Up to 200 still missing under Gaza’s rubble

The hand of a girl from the Samuni family buried under the rubble of her house in the al-Zeitoun neighborhood of Gaza City, 18 January 2009. (Wissam Nassar/MaanImages)

GAZA CITY, occupied Gaza Strip (IPS) - A pillow, a belt, a child’s school bag and pages of a torn copy of the Quran lie in the wreckage of the al-Daa family home in al-Zeitoun, a neighborhood of Gaza City. Twenty-four members of the family were killed when an F-16 fighter jet dropped a bomb on their house. Nine bodies still lie under what is now just a massive pancake of concrete, metal wires and death.

“There were no Hamas fighters here,” said Zohair al-Raay, a neighbor of the al-Daa family. “Where are the weapons?

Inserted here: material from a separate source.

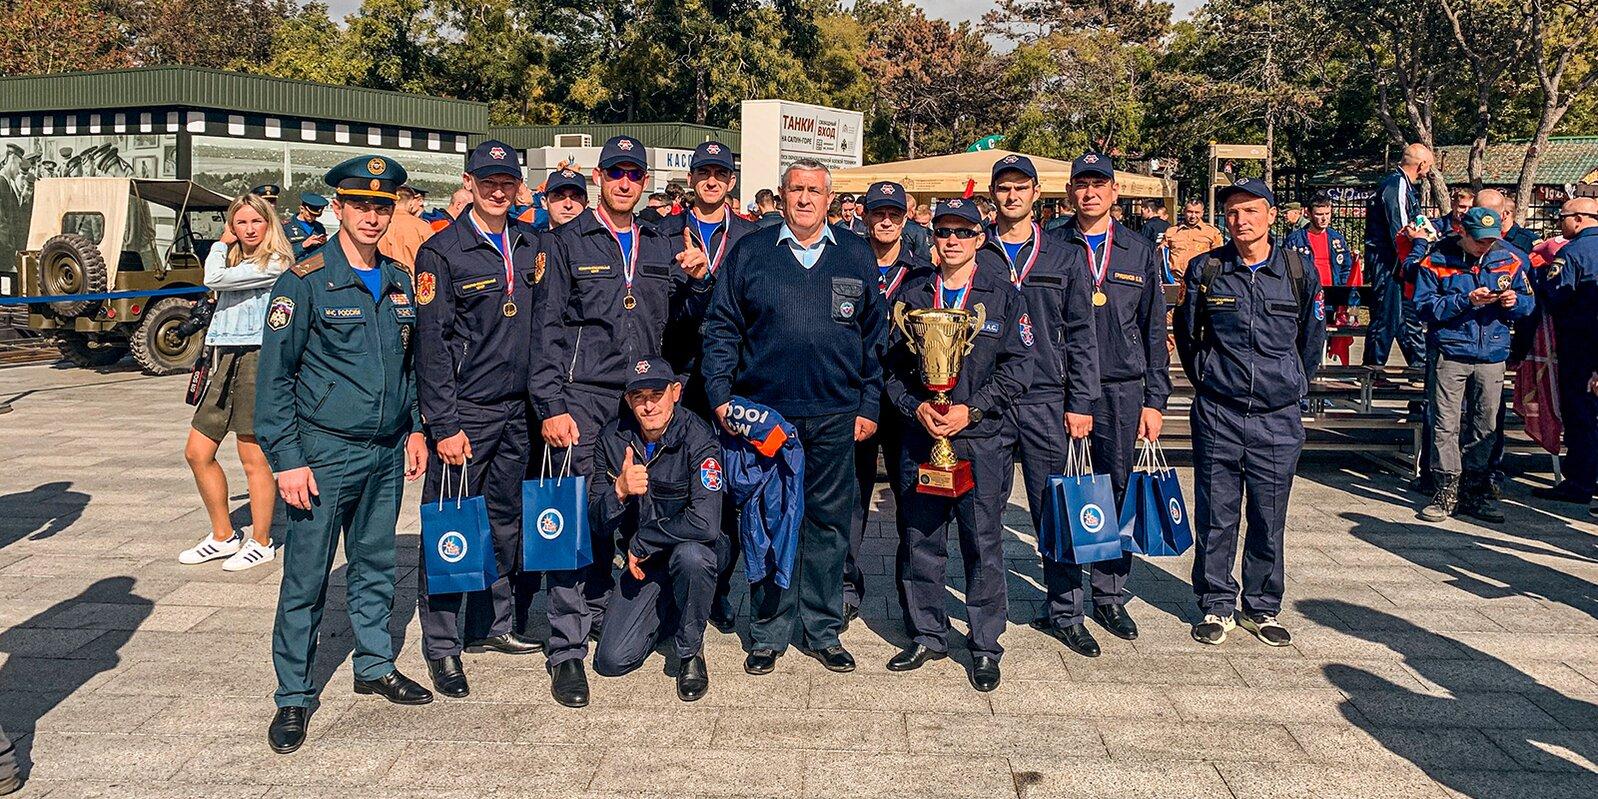 Сборная Москвы стала лучшей на XVIII Чемпионате по многоборью спасателей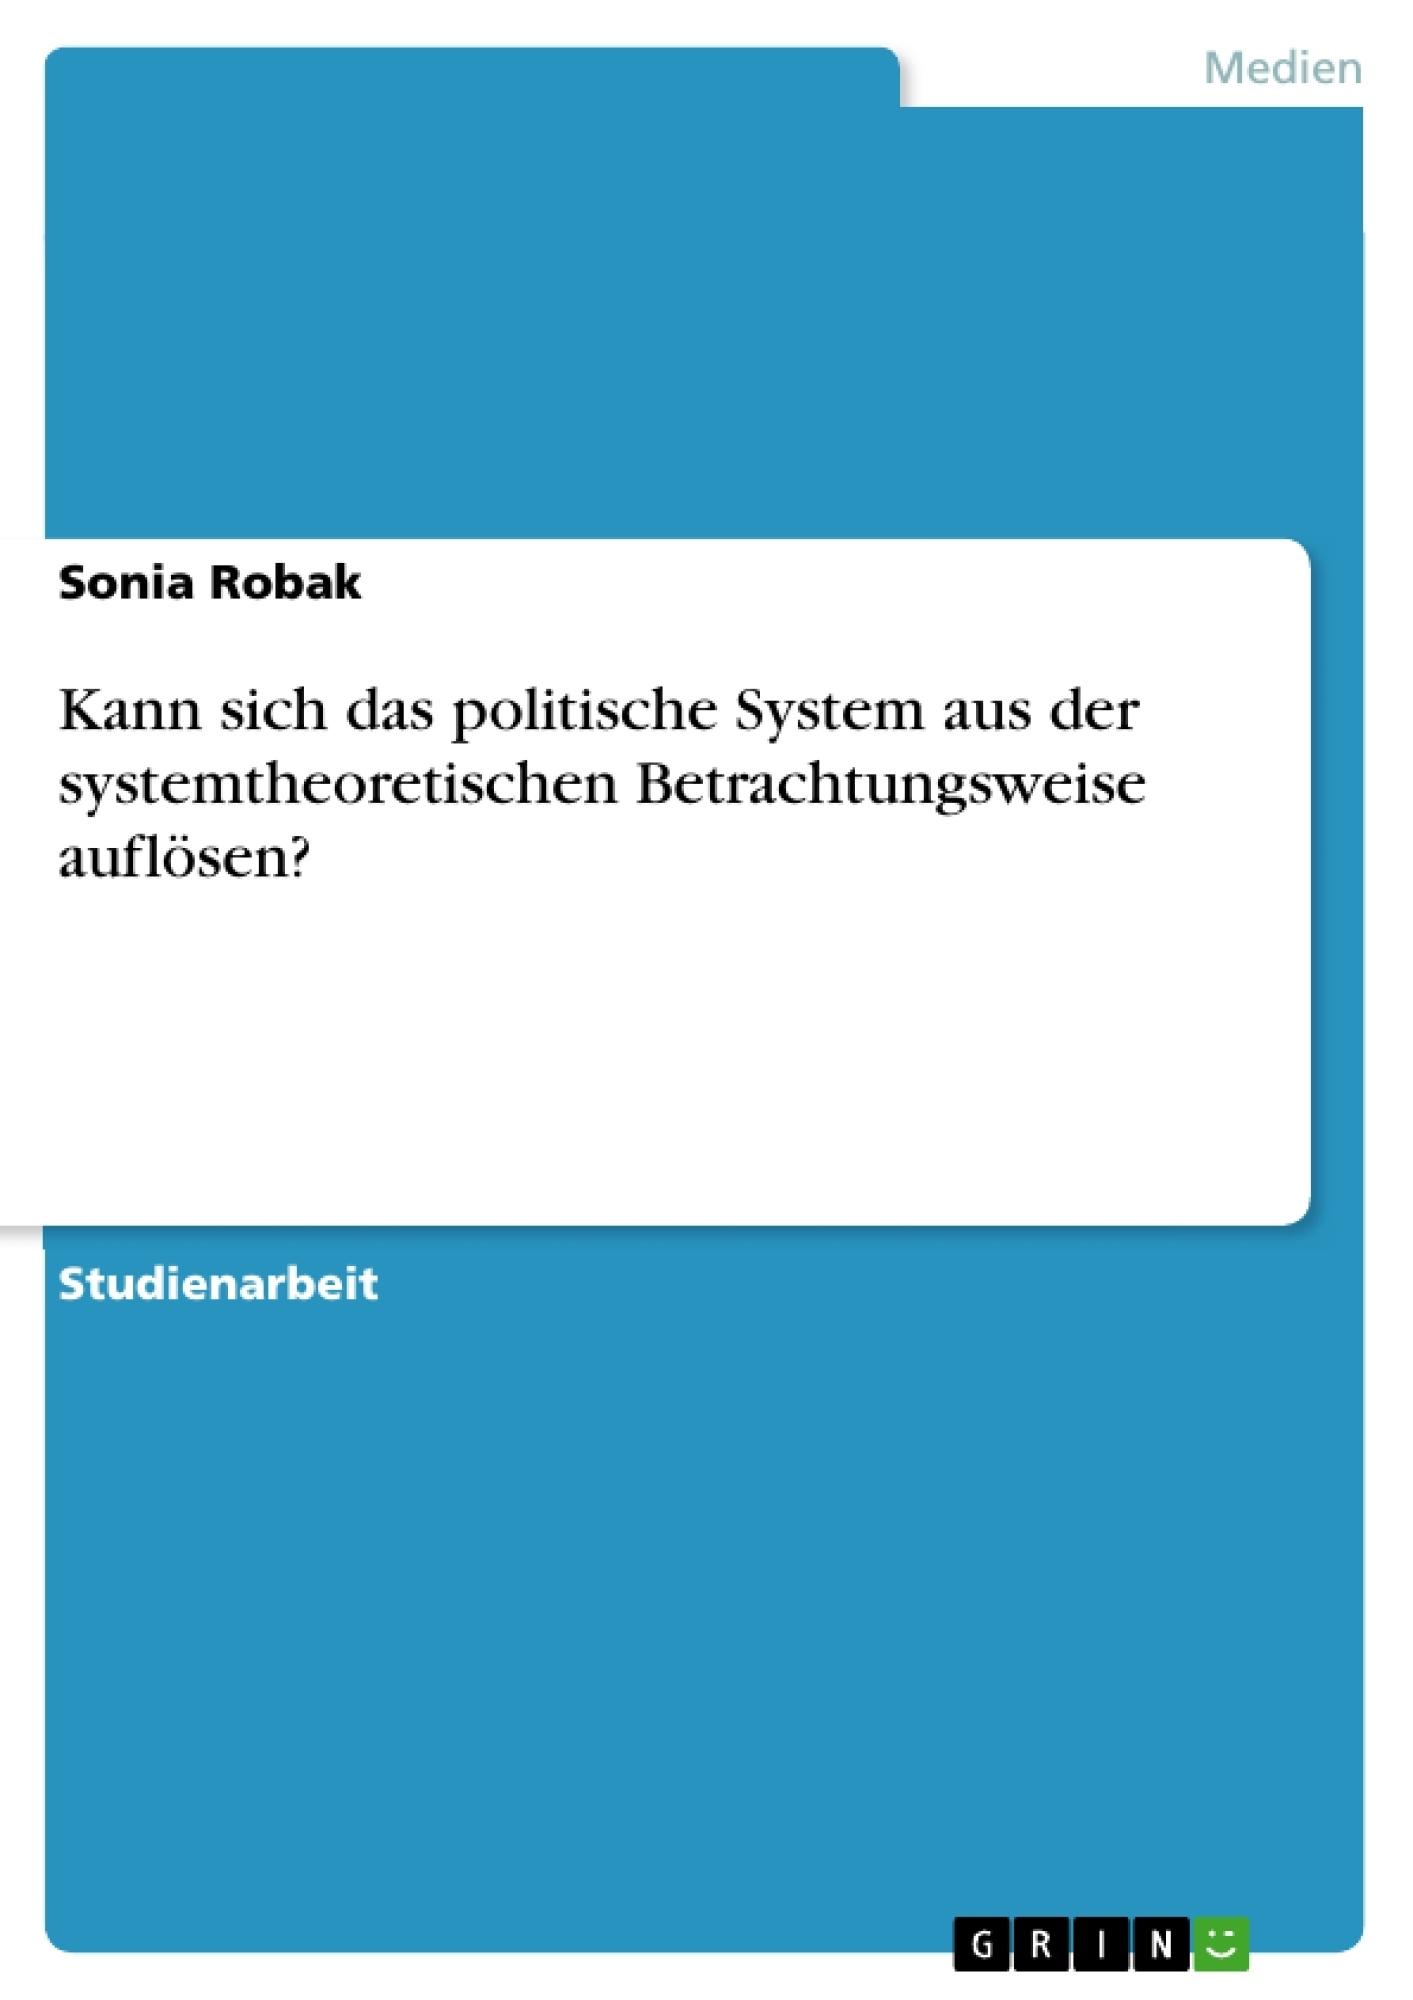 Titel: Kann sich das politische System aus der systemtheoretischen Betrachtungsweise auflösen?

Where are the missiles? The al-Daa family had nothing to do with that.”

Eyad al-Daa, father of 32, was found clutching three small children in the stairwell.

As the ceasefire continues to hold, the sheer scale of the destruction in the Gaza Strip is finally emerging. The deadly, three-week assault by Israel has been devastating.

Generations of families are vanished, and entire villages now destroyed. Many of the dead are still buried beneath the rubble, their neighbors and relatives left with no way to retrieve them.

In one of the most harrowing incidents, 35 members of the Samuni family were killed in al-Zeitoun by an F-16. The surviving members dug the bodies out on Sunday, the first day of the ceasefire.

At least 5,000 houses have been destroyed and 20,000 buildings damaged throughout the strip, according to local officials. The Gaza Strip is just 40 kilometers long and 10 kilometers wide.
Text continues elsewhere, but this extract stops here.